=== Data excerpts ===
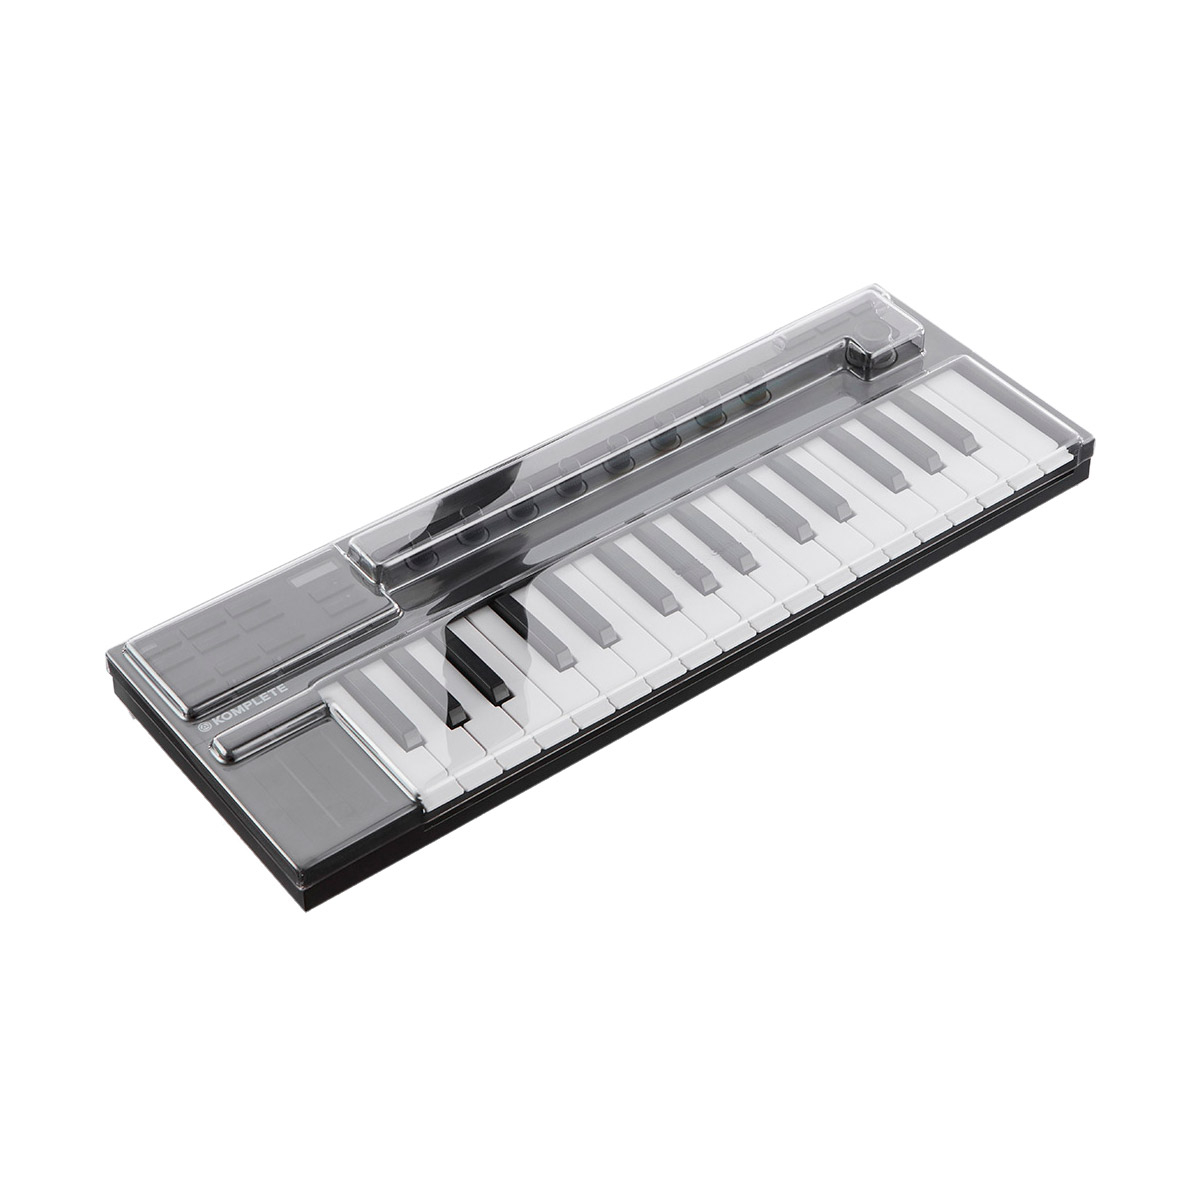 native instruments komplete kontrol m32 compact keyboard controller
===
=== Data excerpts ===
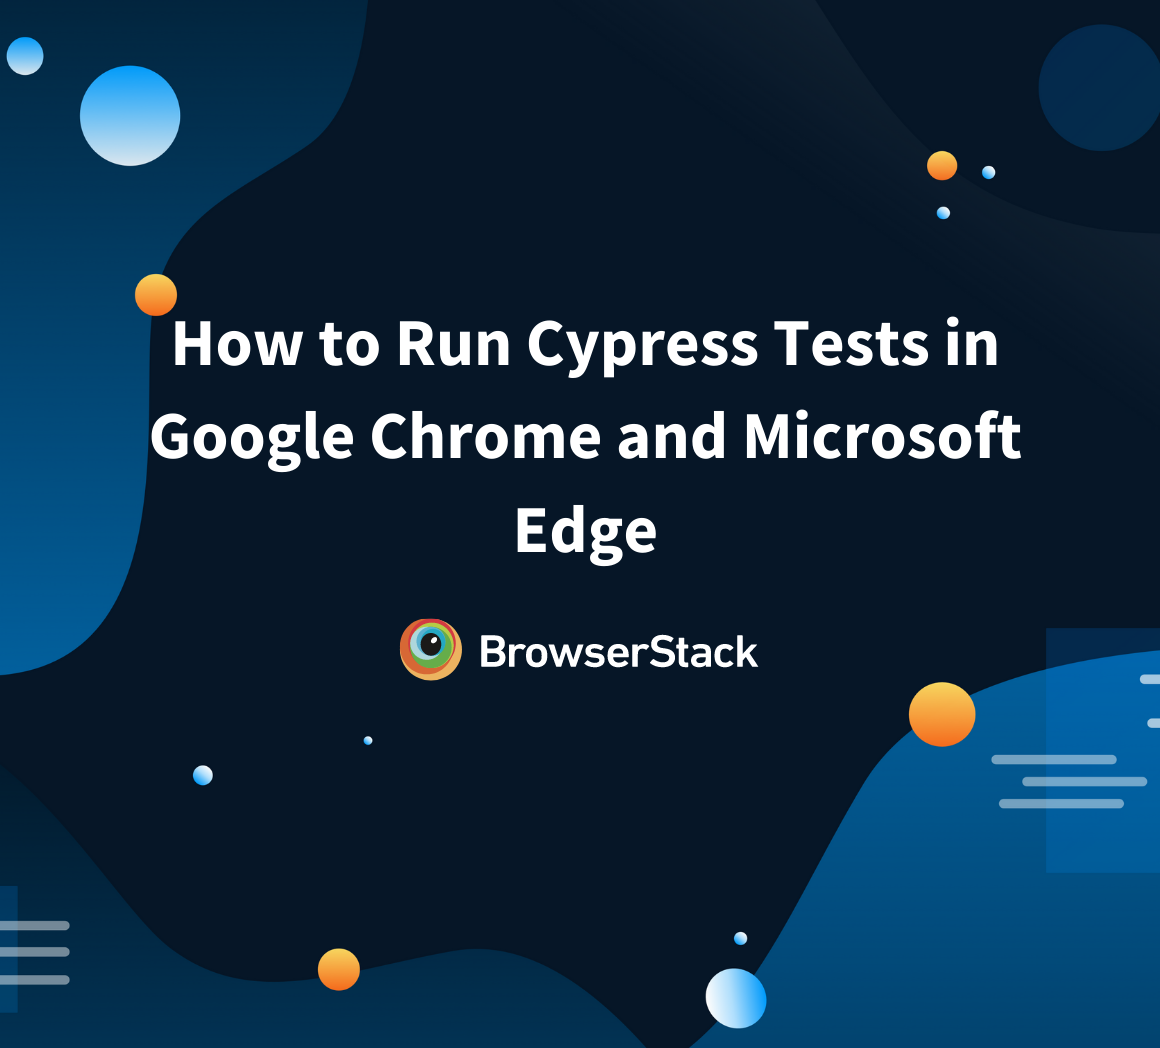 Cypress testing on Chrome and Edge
===
=== Data excerpts ===
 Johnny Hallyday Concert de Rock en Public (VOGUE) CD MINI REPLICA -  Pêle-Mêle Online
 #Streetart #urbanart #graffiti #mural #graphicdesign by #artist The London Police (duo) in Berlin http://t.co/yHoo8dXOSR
===
The answer is the run of lines above from the line containing "Johnny Hallyday Concert" through the line containing "#Streetart #urbanart #graffiti", copied exactly and alone.

Response to this exercise
 Johnny Hallyday Concert de Rock en Public (VOGUE) CD MINI REPLICA -  Pêle-Mêle Online
 #Streetart #urbanart #graffiti #mural #graphicdesign by #artist The London Police (duo) in Berlin http://t.co/yHoo8dXOSR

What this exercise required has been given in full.